If we’re lucky enough to be well-parented (and I was), we’ll often enter adulthood carrying great gifts. We may or may not be consciously aware of them. We may not realize their  importance until much later. When you are subject to optimal parenting there are all manner of useful gifts and lessons deposited into our psyches. The power of a negative example can provide a purpose that drives one toward a remarkable life. In my case my father was a positive example. With a single sentence I'll never forget, he armed me with an idea that grew more and more powerful the longer I carried it forward.

My father was an industrial engineer for Armstrong. The company made linoleum floors and his job was to make them more efficiently. He was given the task of relentlessly squeezing costs out of the manufacturing process; and relentless he was. He used to say, "believing you've eliminated all the costs was just a failure of imagination."

Dad was a smart guy, and even my 15-year-old self wanted to learn something from him. I asked him one Saturday when he brought me into the office, “What’s your job?” His answer is the gift he gave me. He said,

“My job is to eliminate my job—my job is getting everyone else to do the stuff that’s in the job description so that I can think up new things.”

His job was to think, to envision cost savings, to invent new workflows. It wasn’t to send memos or sit in staff meetings (although I’m sure he did his share of each). And with that idea perking inside me, I entered adulthood. As my career unfolded and Supernova emerged, the idea of getting other people to do your job so you can do your real job crystallized into a bedrock principle I live by. Today, I call it radical delegation.

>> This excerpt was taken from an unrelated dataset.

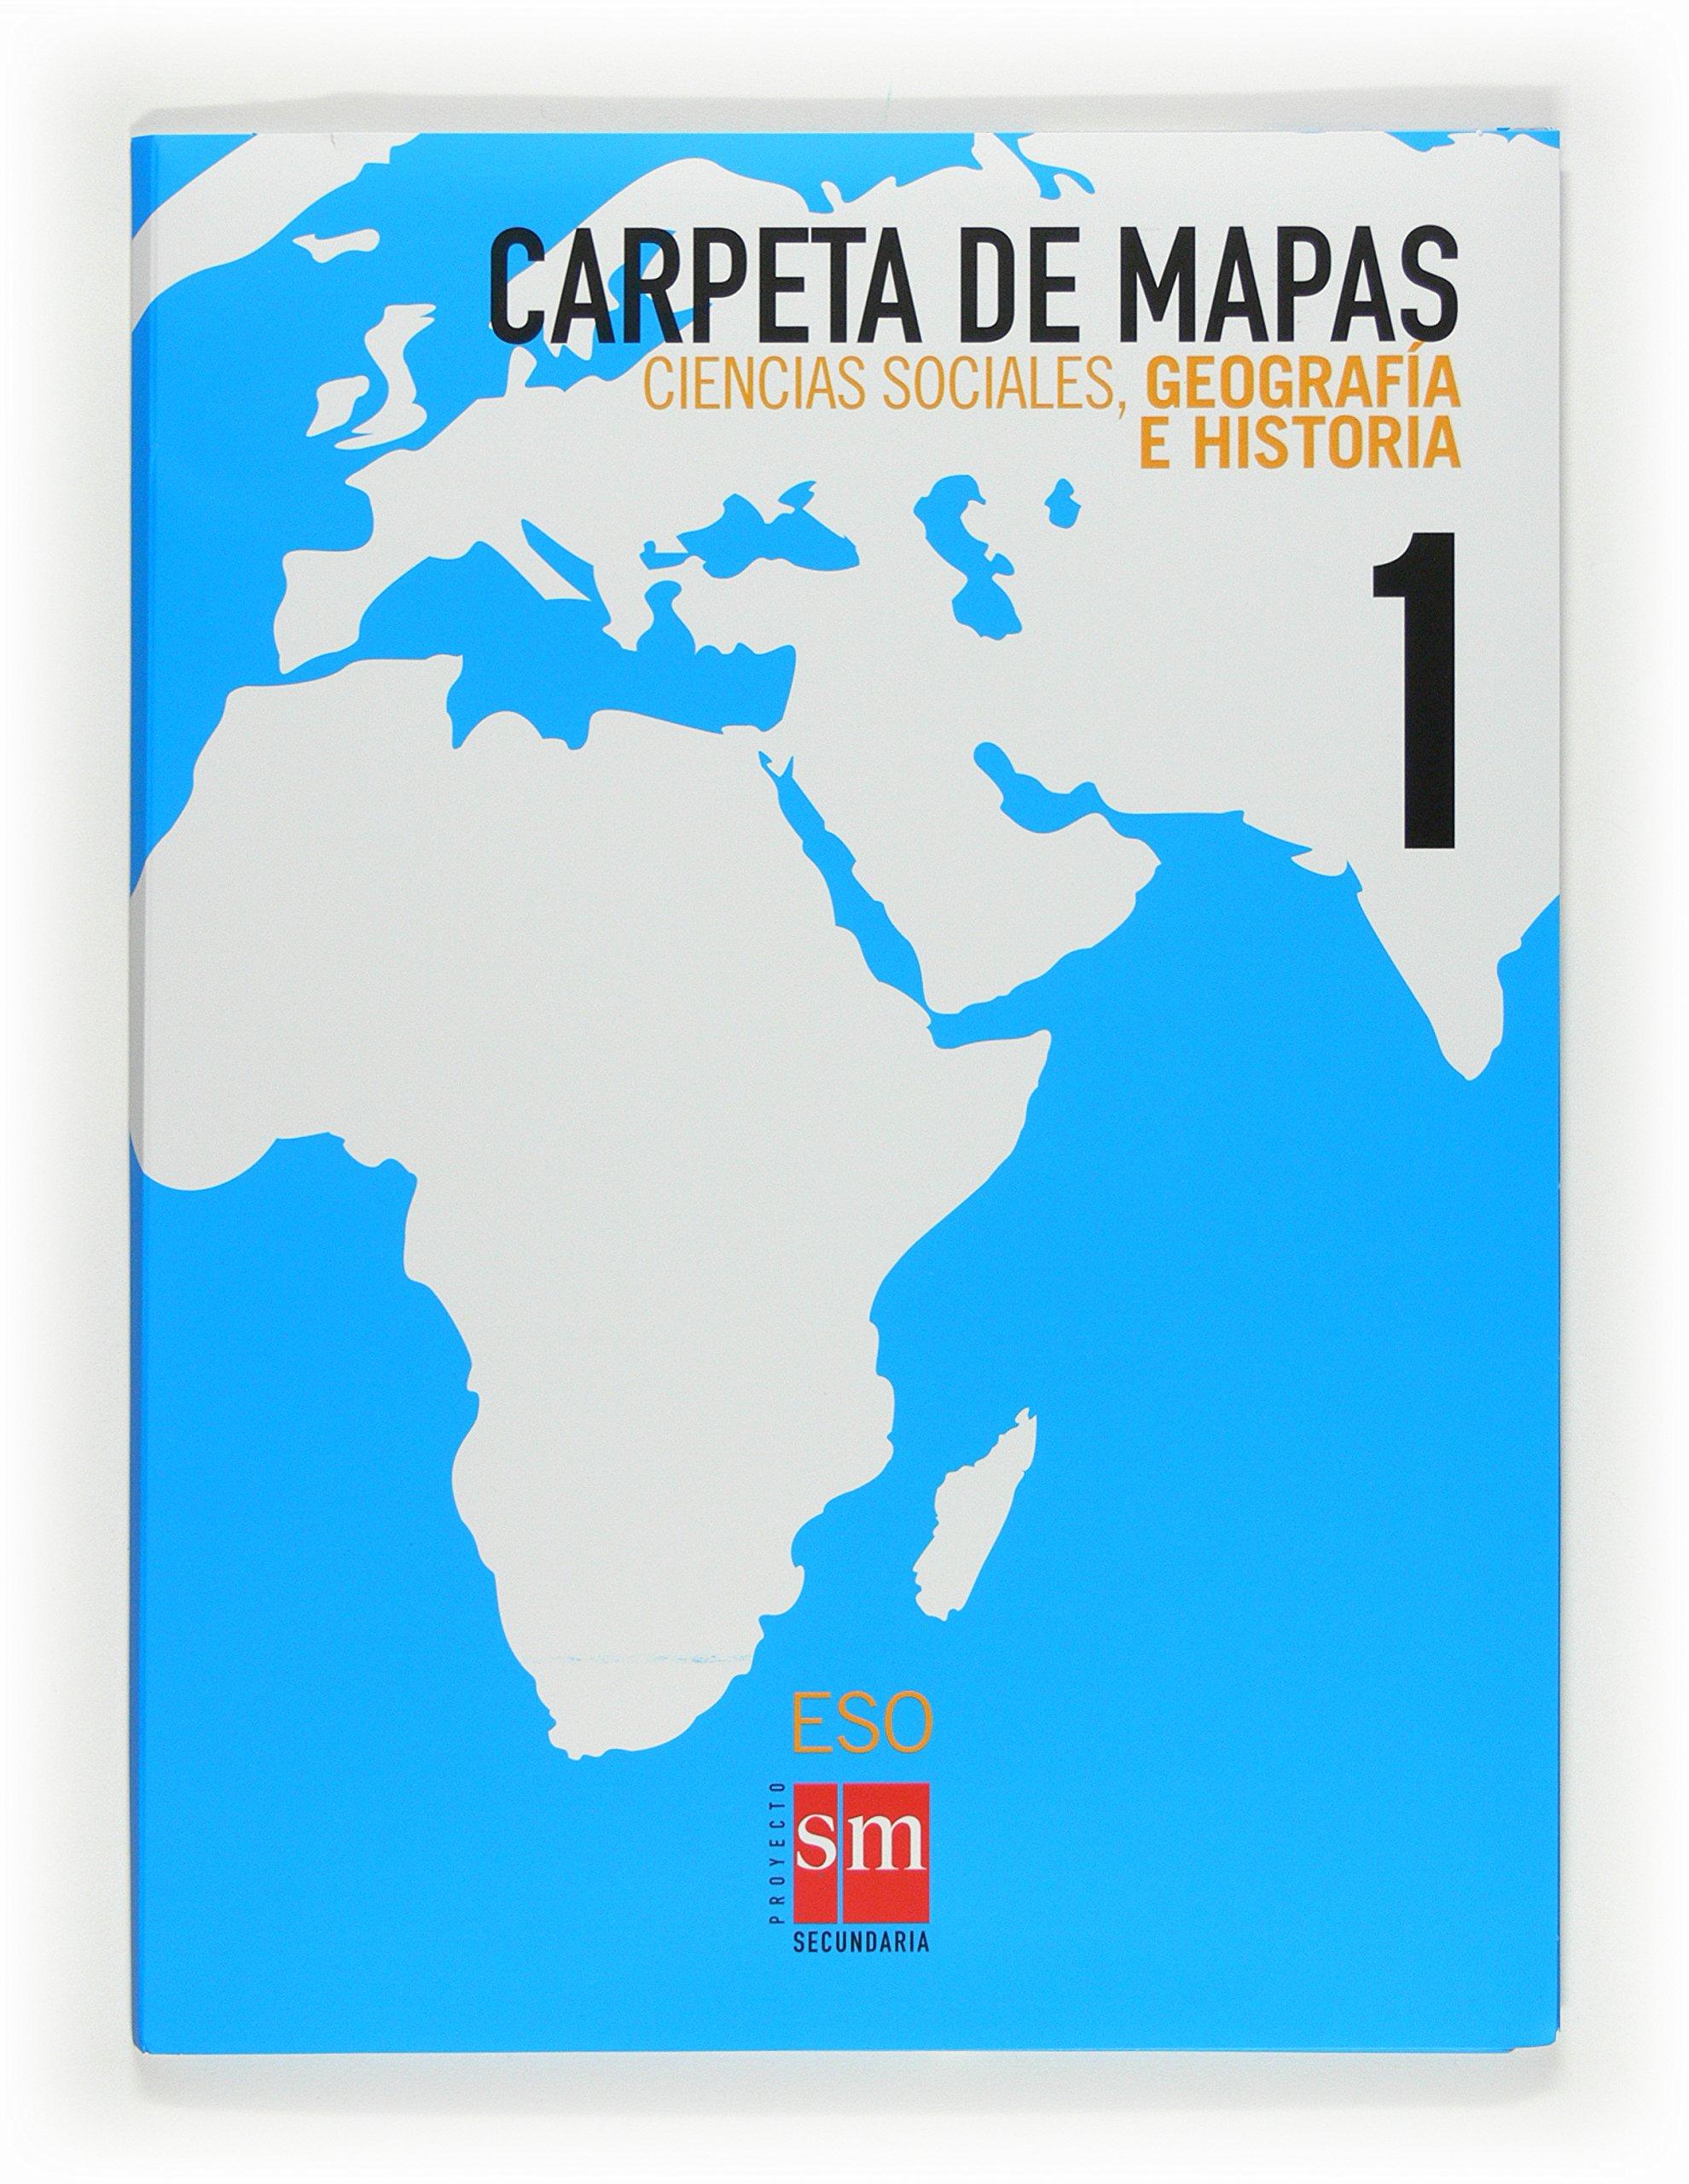 Ciencias sociales, geografía e historia. 1 ESO. Carpeta de mapas - 9788467534184: Amazon.es: Equipo de Educación Secundaria de Ediciones SM,: Libros

It’s easy to see this principle at work in a growing Supernova practice. The administrator runs the office. They schedule the 12-4-2 sessions; they move the folders into place, they even schedule the acquisition calls. Why? First off, they are organized and dispassionate about the tasks, meaning they are more resistant to avoidance and procrastination. But most importantly, it’s not your job.

Your job as a leader and FA is to think about your clients and your team. Your job is to get deeper and deeper into their lives so that you can understand the complexity and respond with a plan and with solutions that make their lives better. Your job is to become your client's CFO, and as soon as you think you've done everything you can you need to look at it again so you don't have your own 'failure of imagination'.